Assigned task.
Reproduce the lines below exactly. Skip images.

Data segment.

___

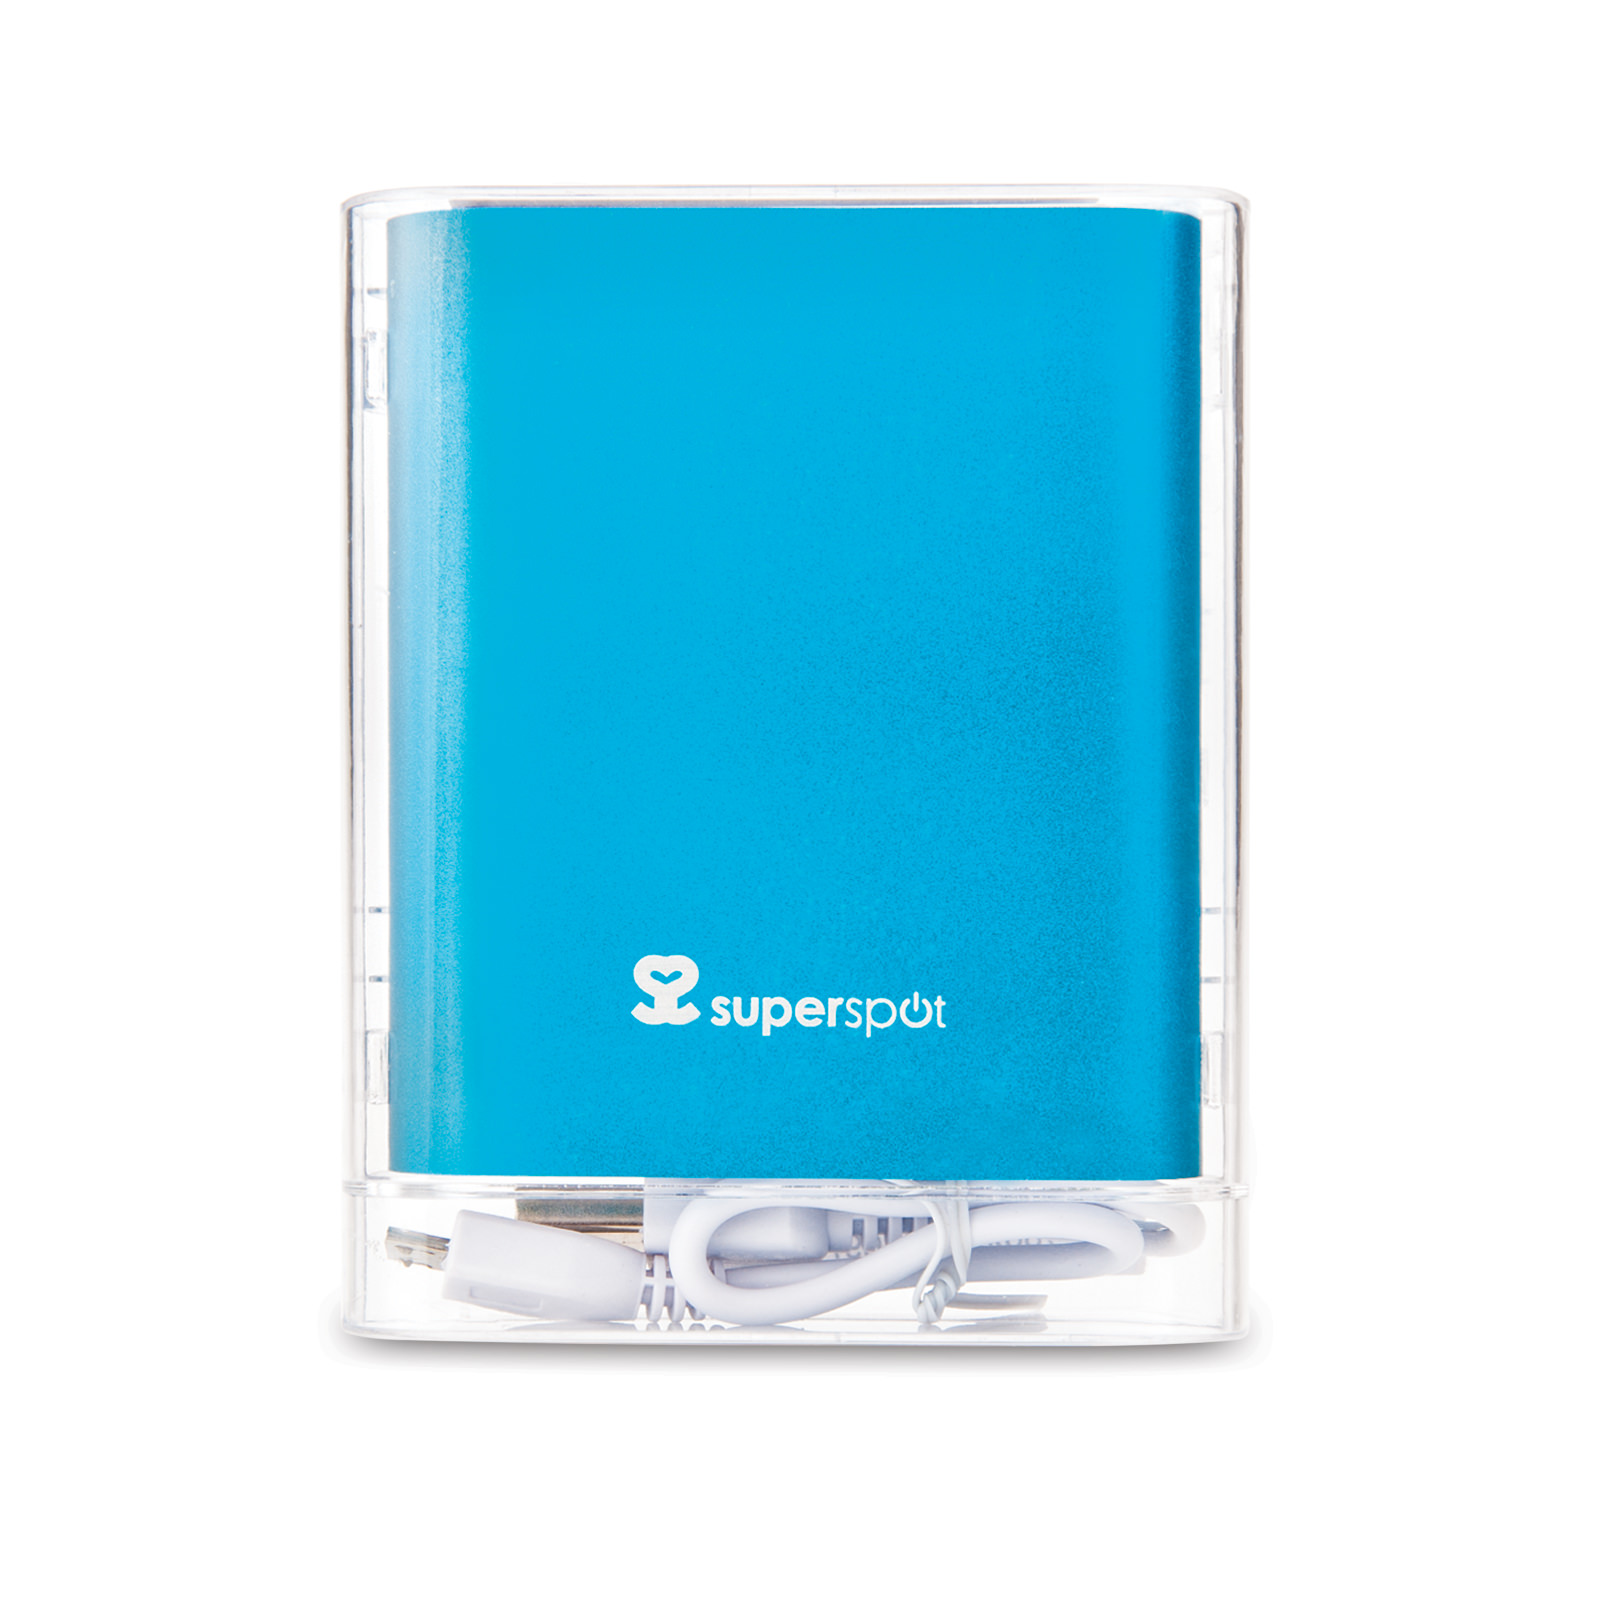 SuperSpot 10400 mAh Powerbank - Blue
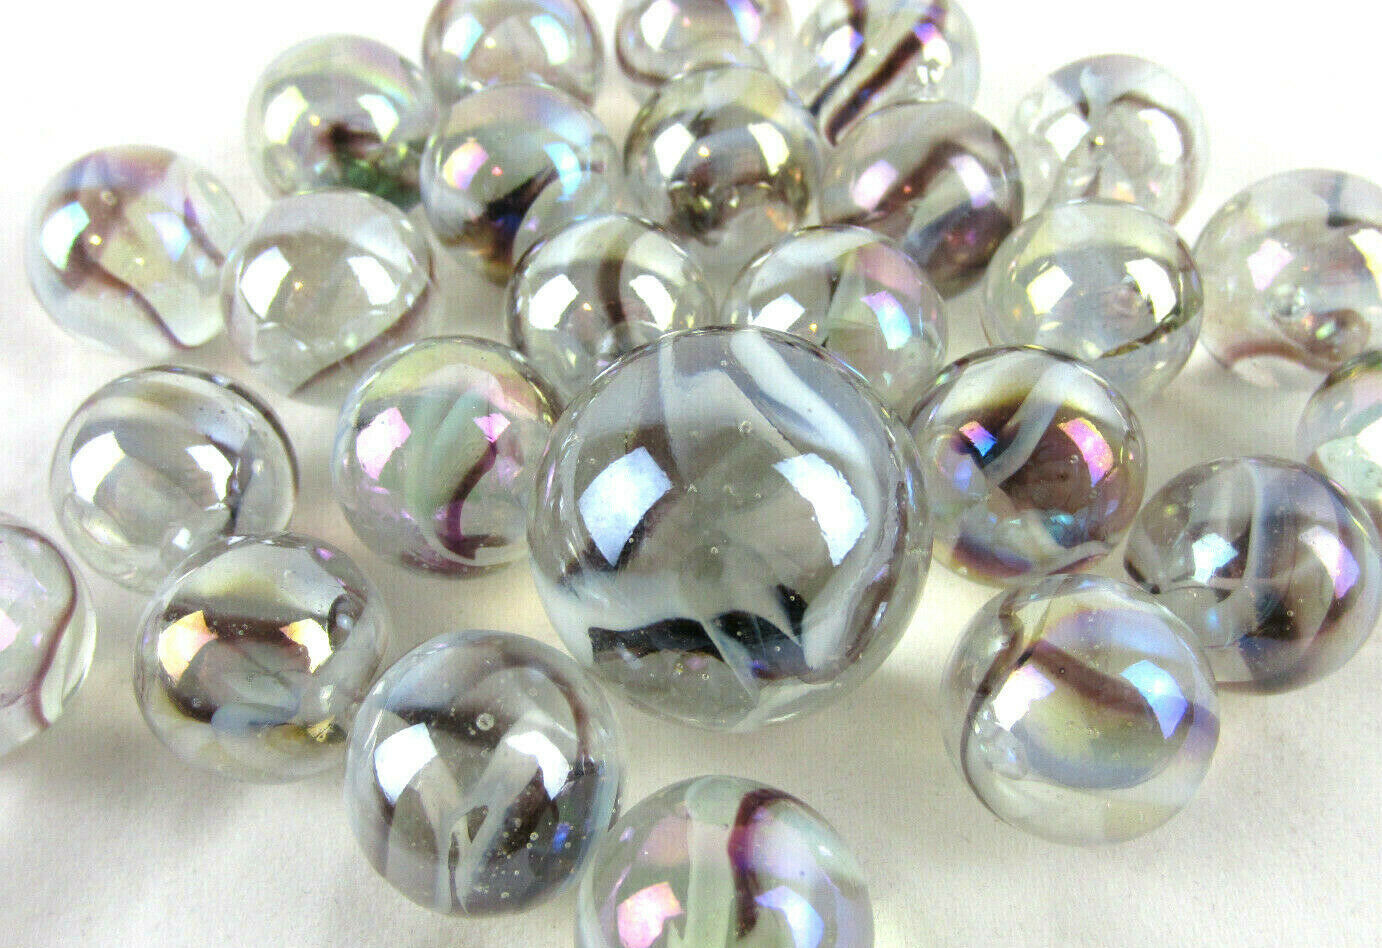 25 Glass Marbles POLAR BEAR Translucent Brown/White Game Pack Shooter Swirl Mega Marble 77356 - фотография #4
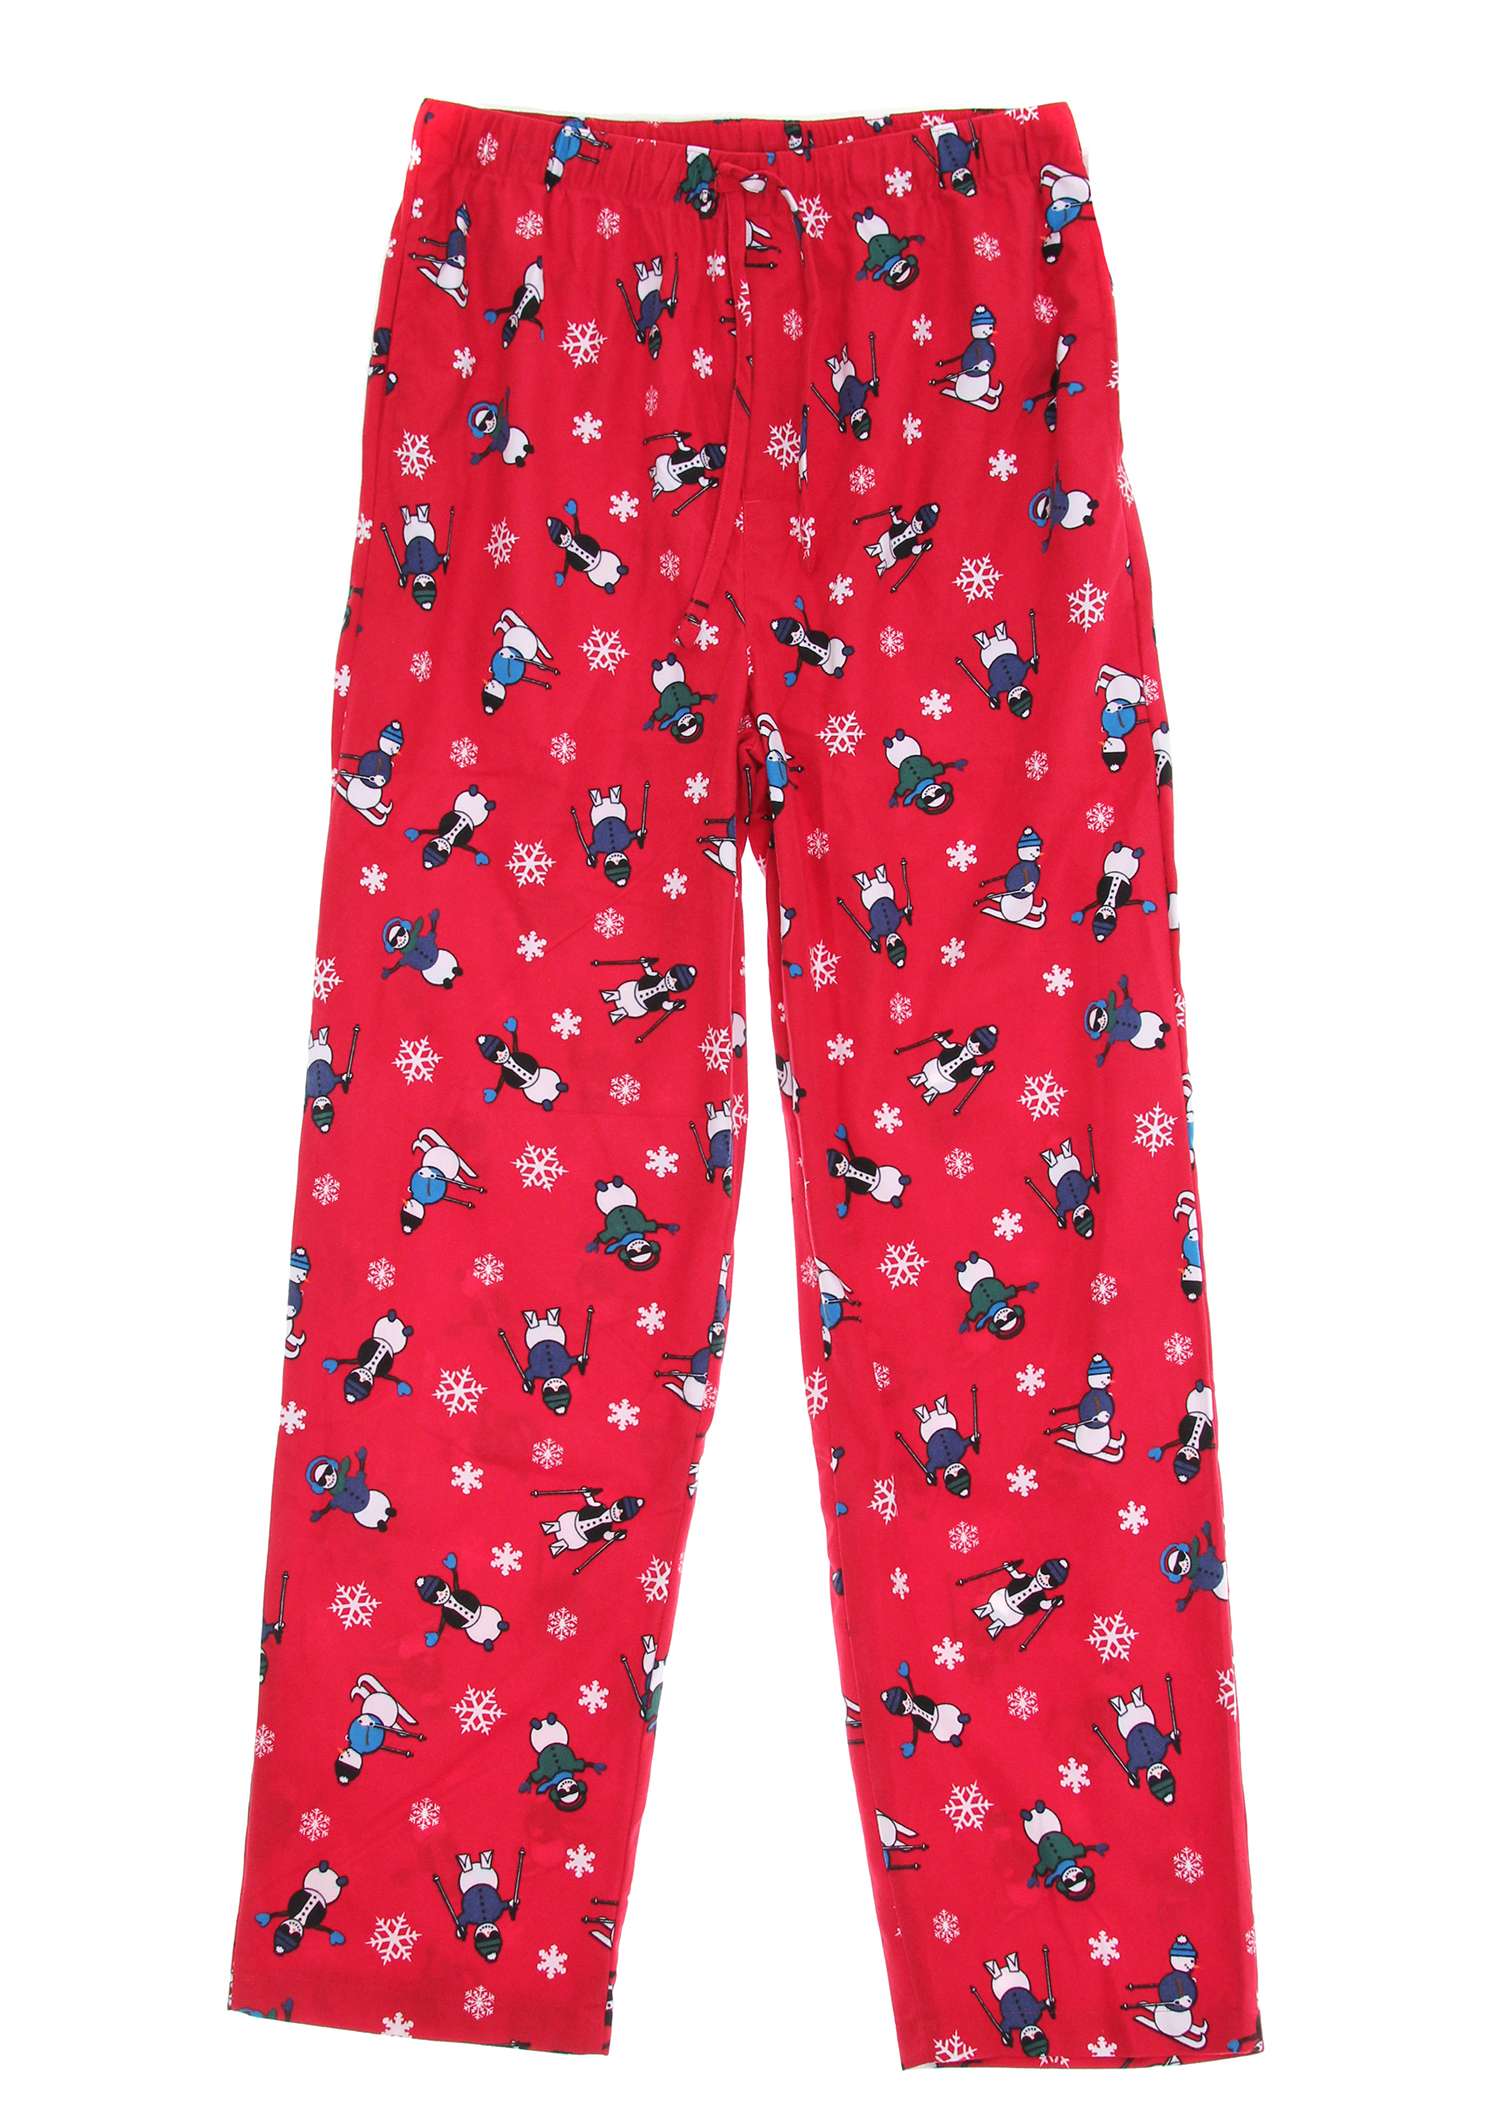 Club Room Men's Novelty Print Pajama Pants | eBay

___

Exercise result.
 SuperSpot 10400 mAh Powerbank - Blue
 25 Glass Marbles POLAR BEAR Translucent Brown/White Game Pack Shooter Swirl Mega Marble 77356 - фотография #4
 Club Room Men's Novelty Print Pajama Pants | eBay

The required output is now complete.